__Provided records__
* * *

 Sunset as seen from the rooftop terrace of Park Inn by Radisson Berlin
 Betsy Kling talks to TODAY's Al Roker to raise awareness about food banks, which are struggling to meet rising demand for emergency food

* * *

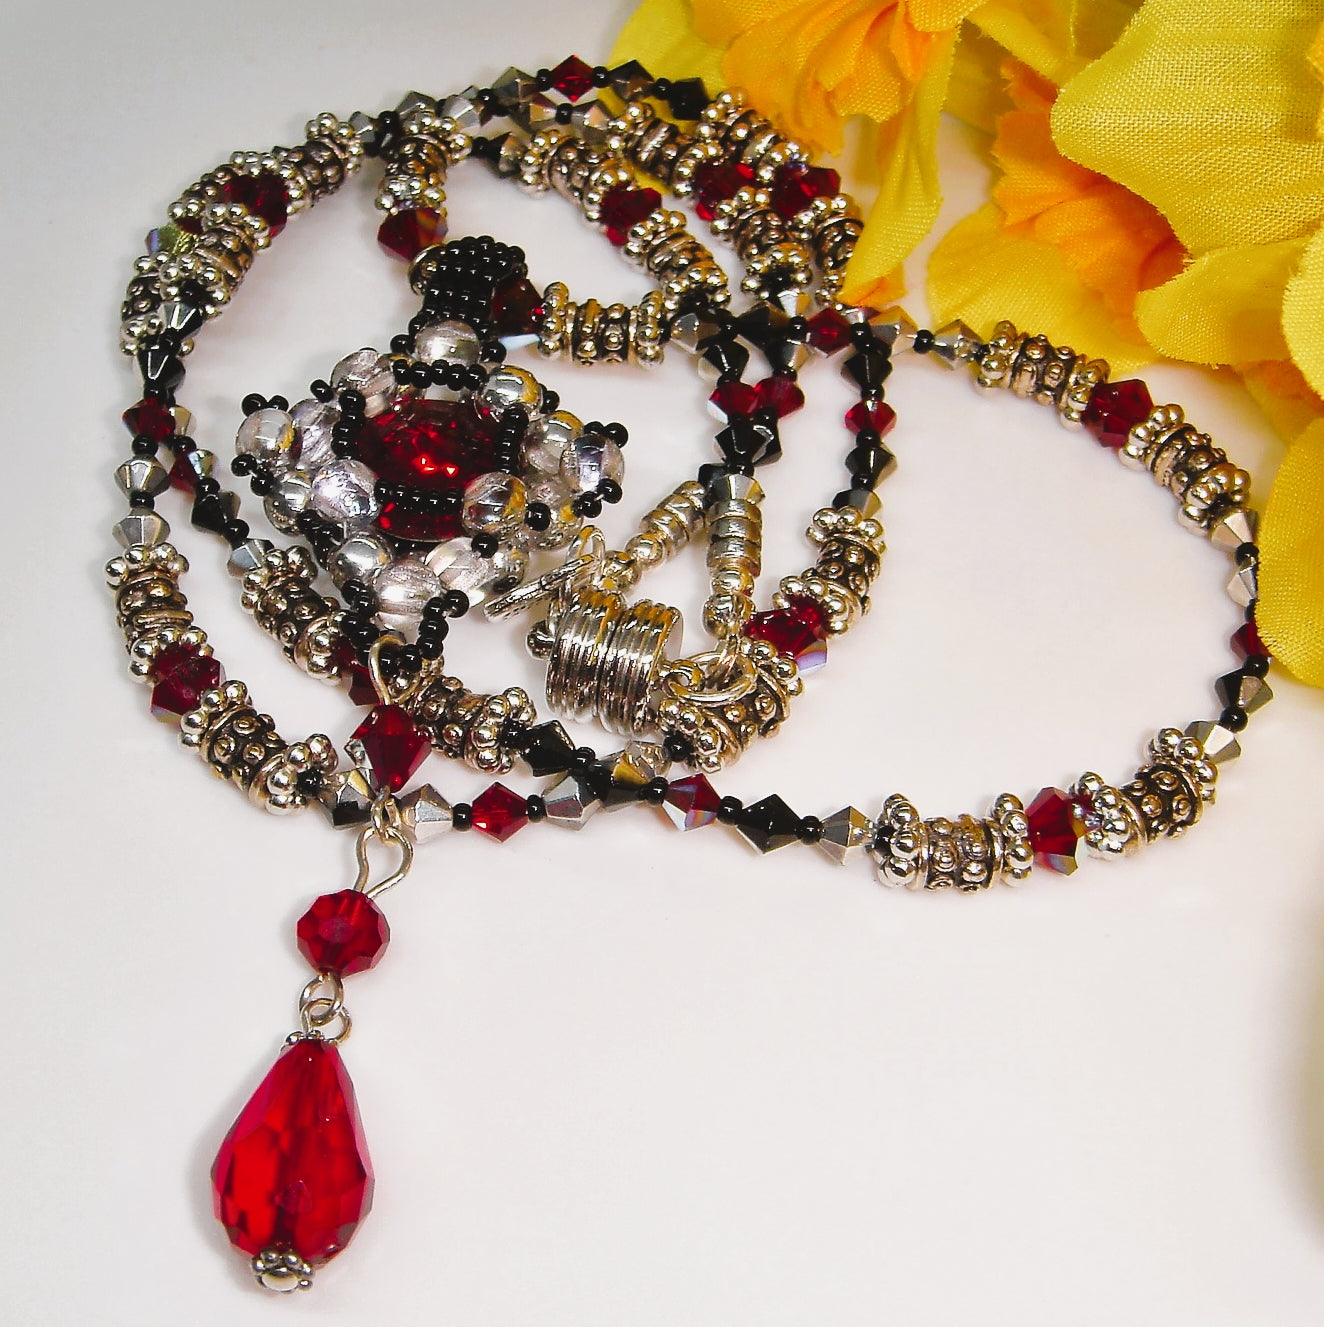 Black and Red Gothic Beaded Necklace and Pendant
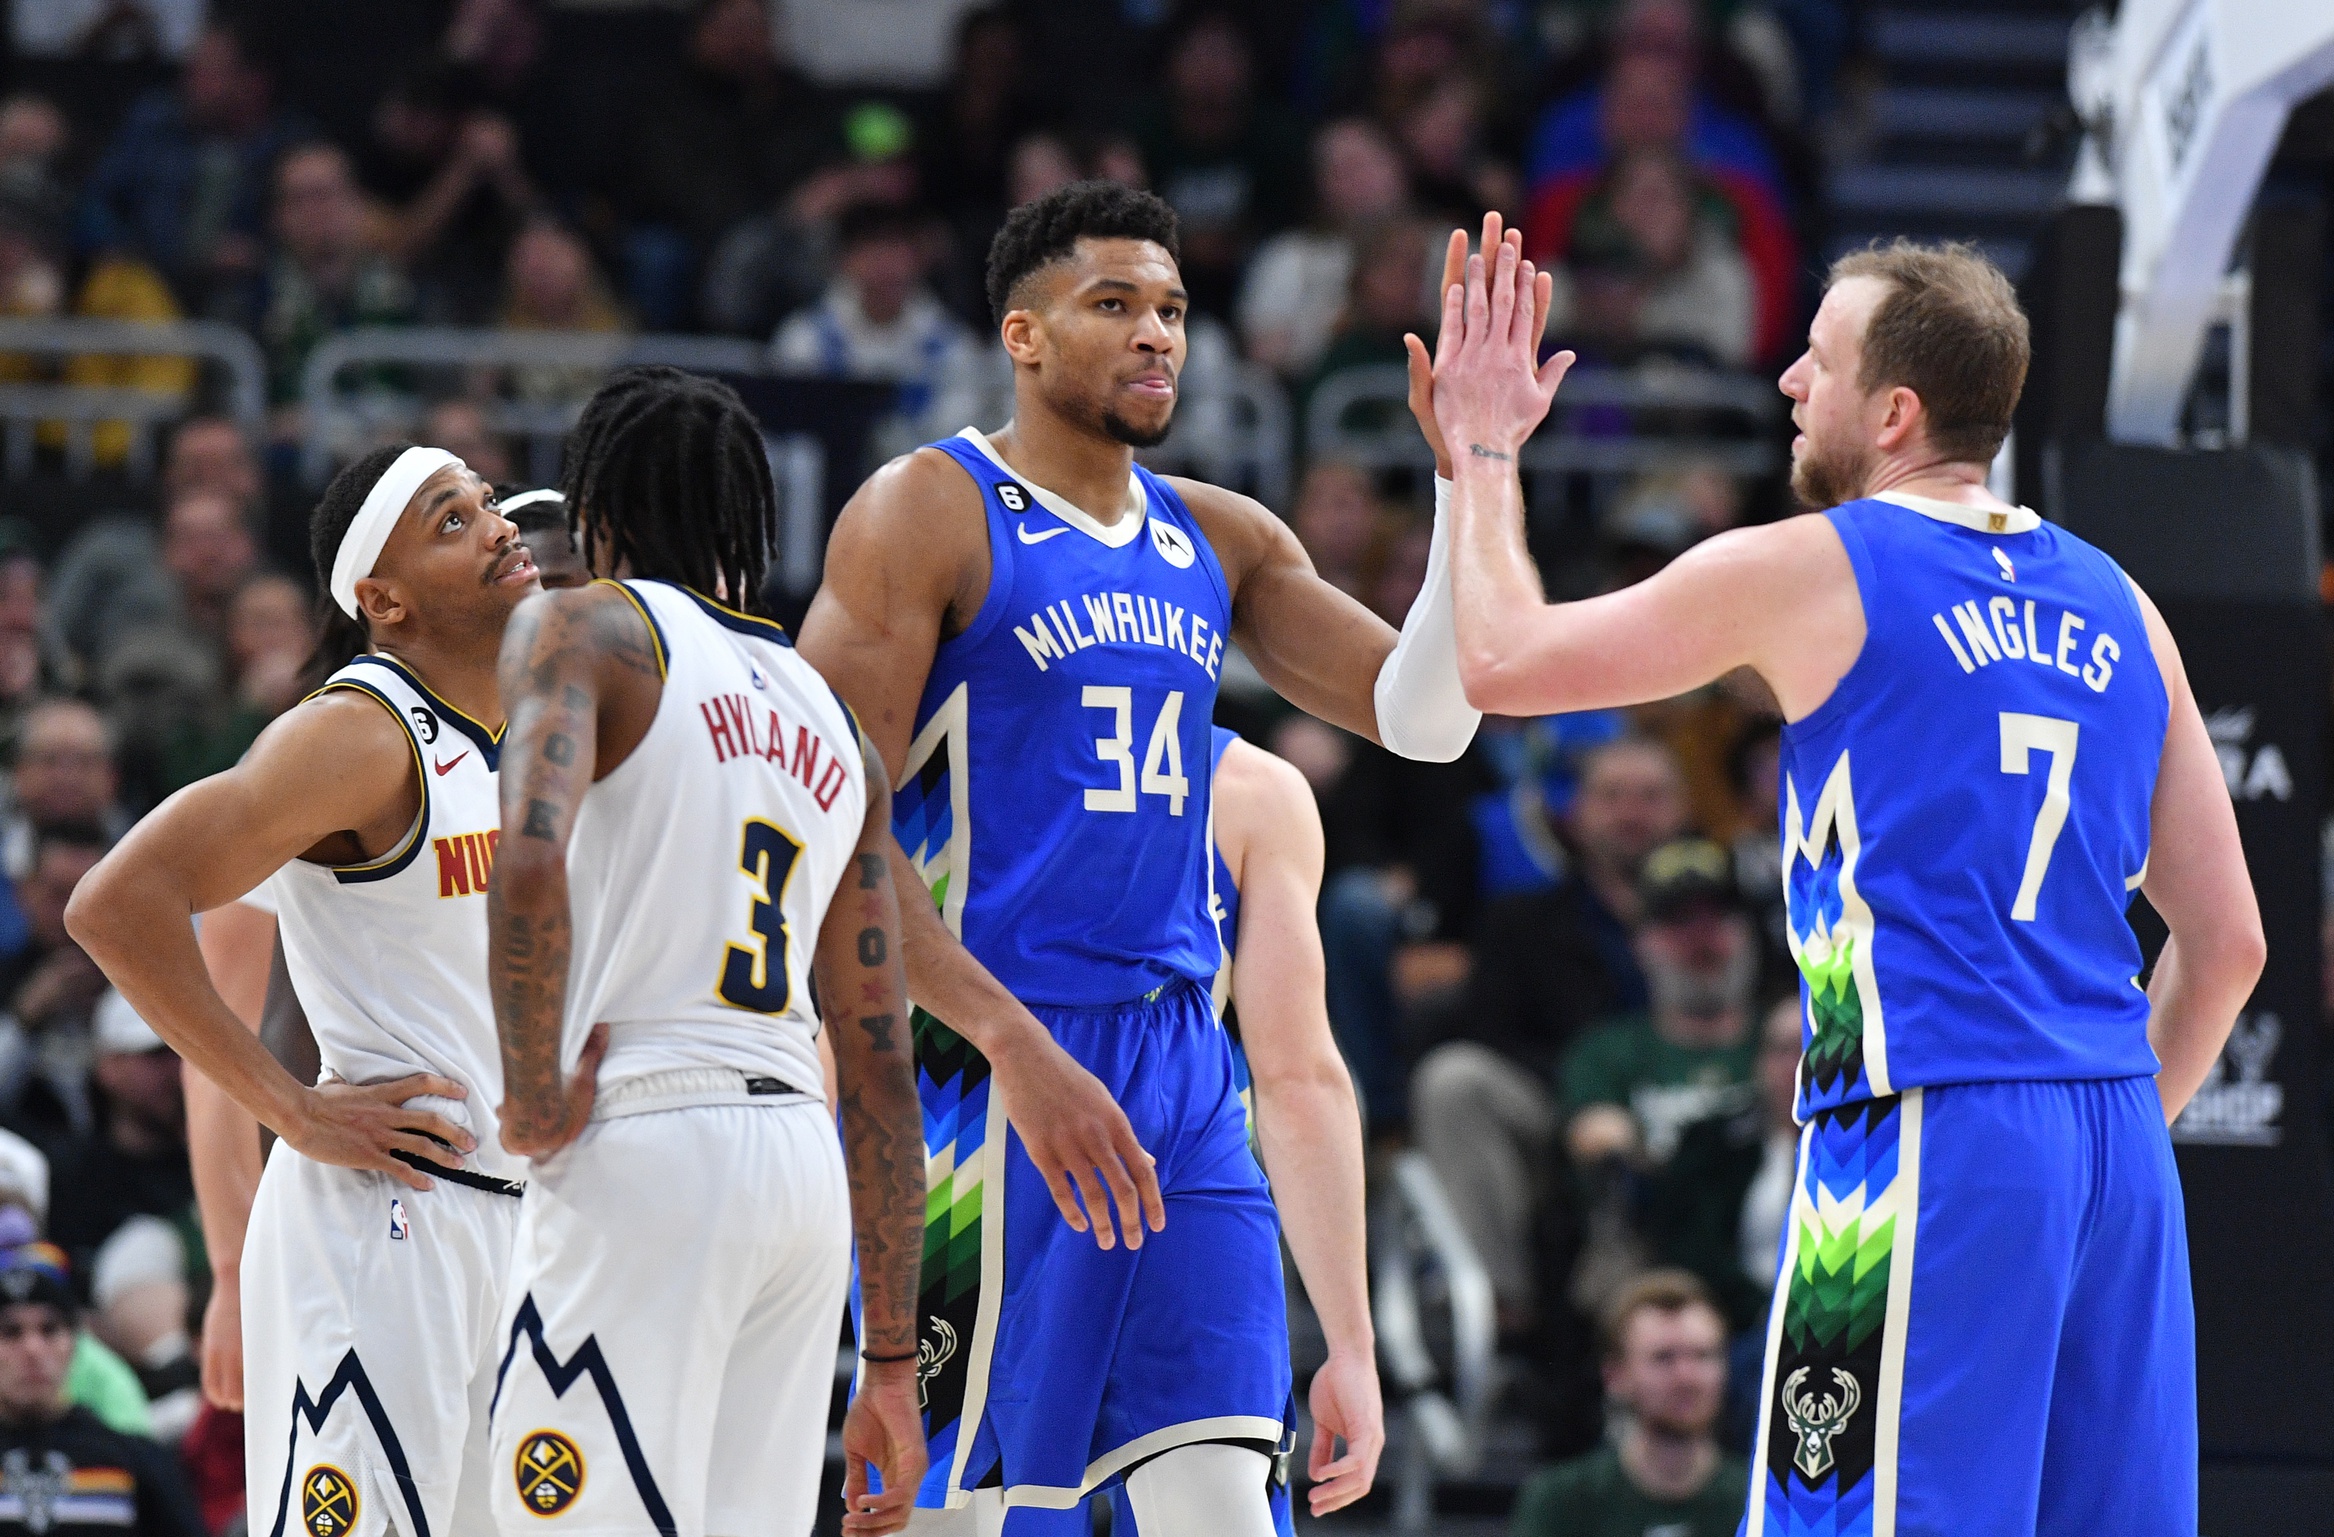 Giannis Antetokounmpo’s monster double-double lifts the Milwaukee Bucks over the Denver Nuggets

* * *

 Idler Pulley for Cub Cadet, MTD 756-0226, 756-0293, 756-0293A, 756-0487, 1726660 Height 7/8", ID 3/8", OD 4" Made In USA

* * *

__What to produce__
Only one stretch of the listing above is to be duplicated: the lines from the one containing "Black and Red" through the one containing "Giannis Antetokounmpo’s monster", both included. Copy them exactly, minus the pictures.

__Response to the task__
 Black and Red Gothic Beaded Necklace and Pendant
 Giannis Antetokounmpo’s monster double-double lifts the Milwaukee Bucks over the Denver Nuggets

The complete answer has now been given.